Question

1. What is the pH of a solution that contains 8.025 x 10-4 M NaOH?

2. Calculate the pH for a 9.21 x 10-7 M solution of Ba(OH)2.

3. Calculate the pOH for a 5.541 x 10-6 M solution of Ba(OH)2.

4. Calculate the pH for a solution with a hydronium concentration of 4.52 x 10-3 M.

Answer 1

1. NaOH is a strong electrolyte and it can be dissociable as follow, NaOH = Na⁺(aq) + OH^-(aq). So, from 1 mole of NaOH substance 1 mole of OH^- would be formed. So, [OH^-] = 8.025E-4 and we know that pOH = -log[OH^-] or, pOH = -log(8.025E-4) = 3.095 (considering f tends to 1 so, a = c, where f is activity coefficient, a is activity and c is the concentration). Now, pH+pOH = pKw = 14 and pOH = 3.095 so pH = 14-3.095 = 10.905. So, pH of the solution is 10.905.

2. Ba(OH)₂ is a strong electrolyte and it can be dissociable as follow, Ba(OH)₂ = Ba²⁺(aq) + 2 OH^-(aq) so from one mole of barium hydroxide 2 moles of OH^- would be formed.
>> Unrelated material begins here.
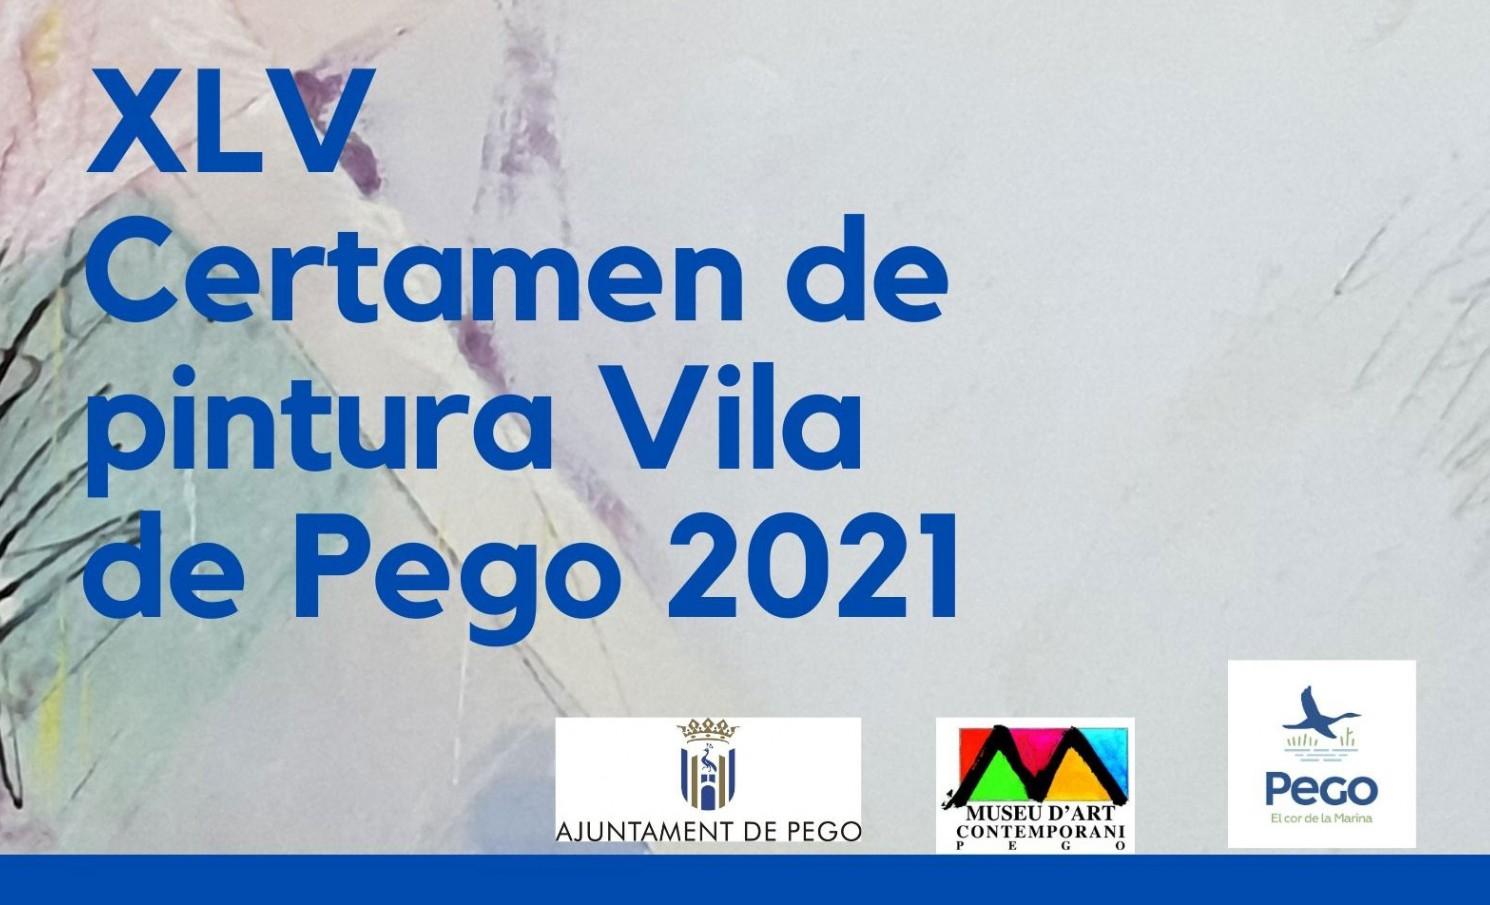 XLV CERTAMEN DE PINTURA VILLA DE PEGO 2021
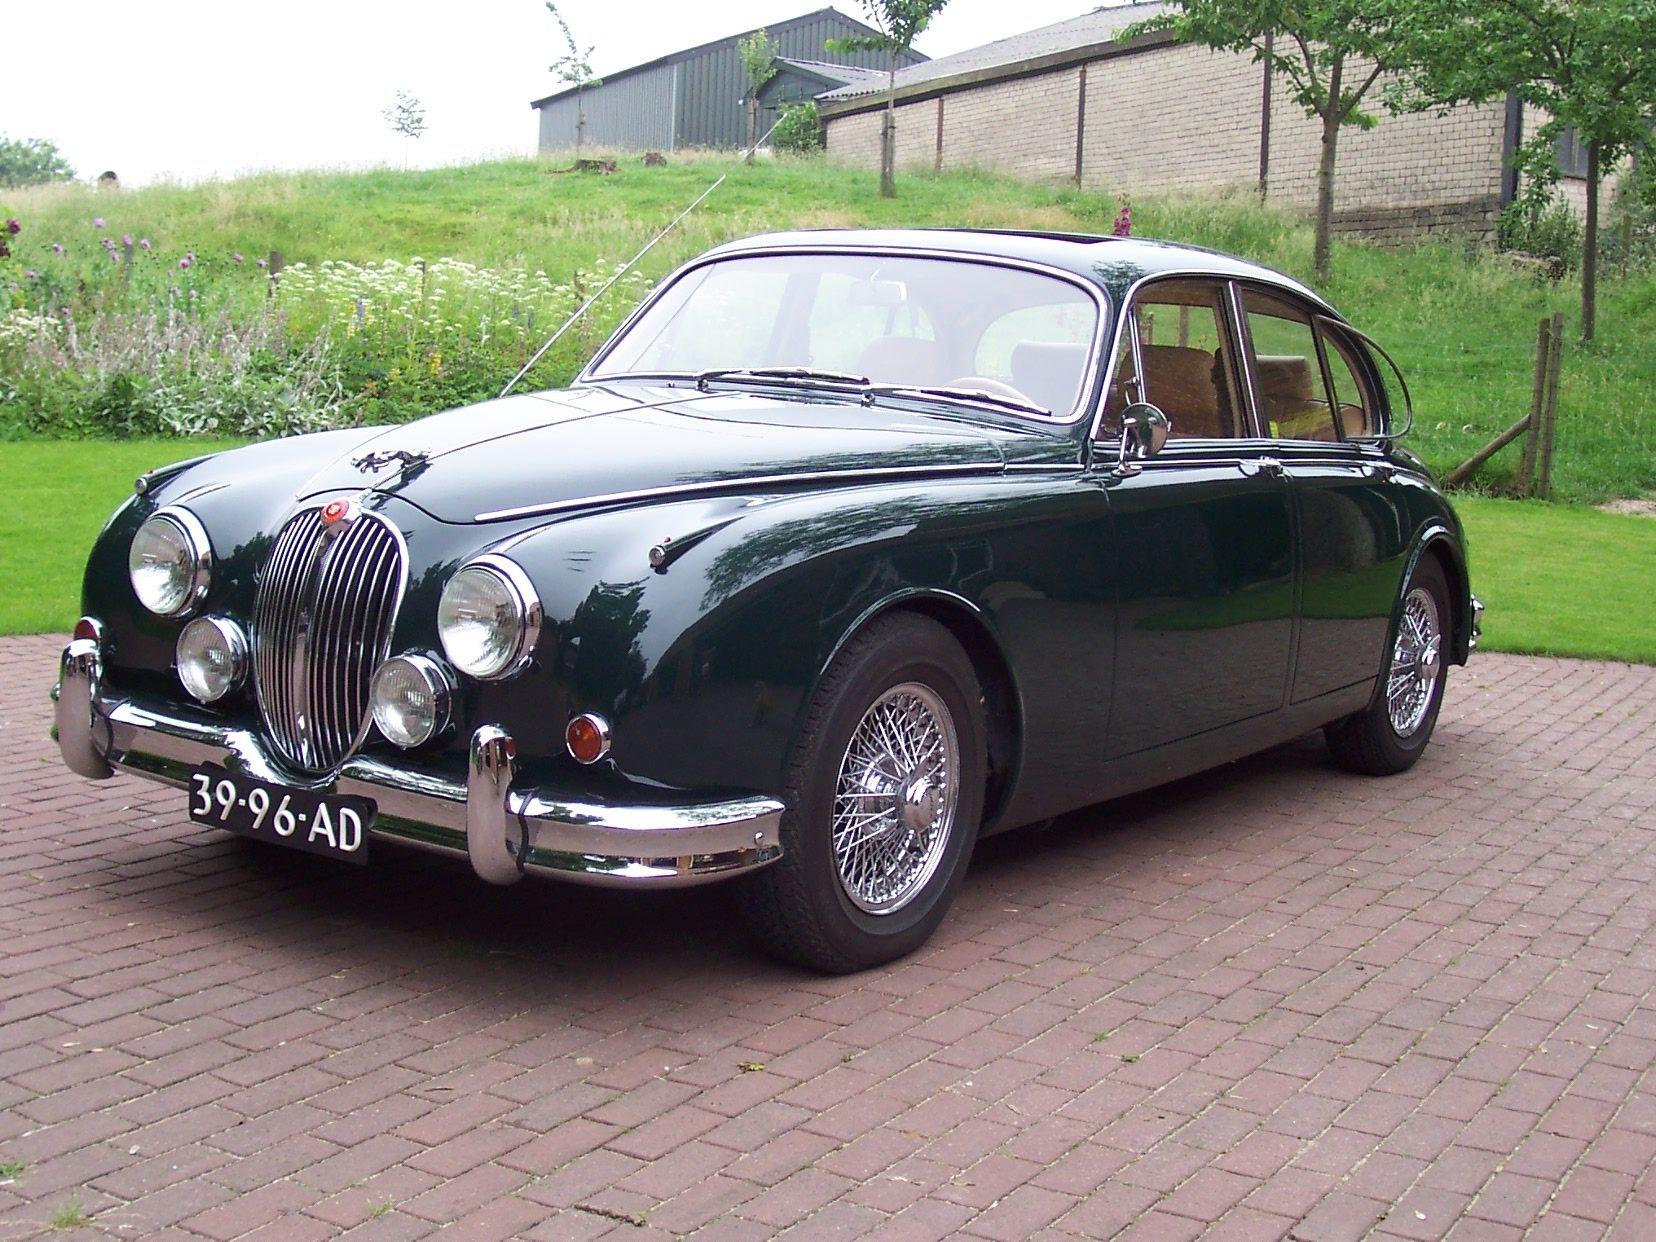 1962 Jaguar 3 8 Litre Mk2 4 Door Salon With Sun Roof And Chrome Wire Wheels Jaguar Car Classic Cars Cars Uk

Now concentration of Ba(OH)₂ is 9.21E-7 so [OH^-] = (2×9.21E-7) = 1.842E-6 so, pOH = -log(1.842E-6) = 5.73 so, pH = 14-5.73 = 8.27. So, the pH of the solution is 8.27.

3.  Ba(OH)₂ is a strong electrolyte and it can be dissociable as follow, Ba(OH)₂ = Ba²⁺(aq) + 2 OH^-(aq), so from one mole of barium hydroxide 2 moles of OH^- would be formed. Now concentration of Ba(OH)₂ is 5.541E-6 so [OH^-] = (2×5.541E-6) = 1.108E-5, so pOH = -log(1.108E-5) = 4.95. So, pOH of the solution is 4.95.

4. The molecular formula of hydronium ion is H3O+ Now, we can assume this hydronium ion as H₂O + H⁺ so, the concentration of hydronium ion should be similar to the concentration of H⁺ ion of the solution. Now, [H₃O⁺] = 4.52E-3 so the pH = -log(4.52E-3) = 2.34 or the pH of the solution is 2.34.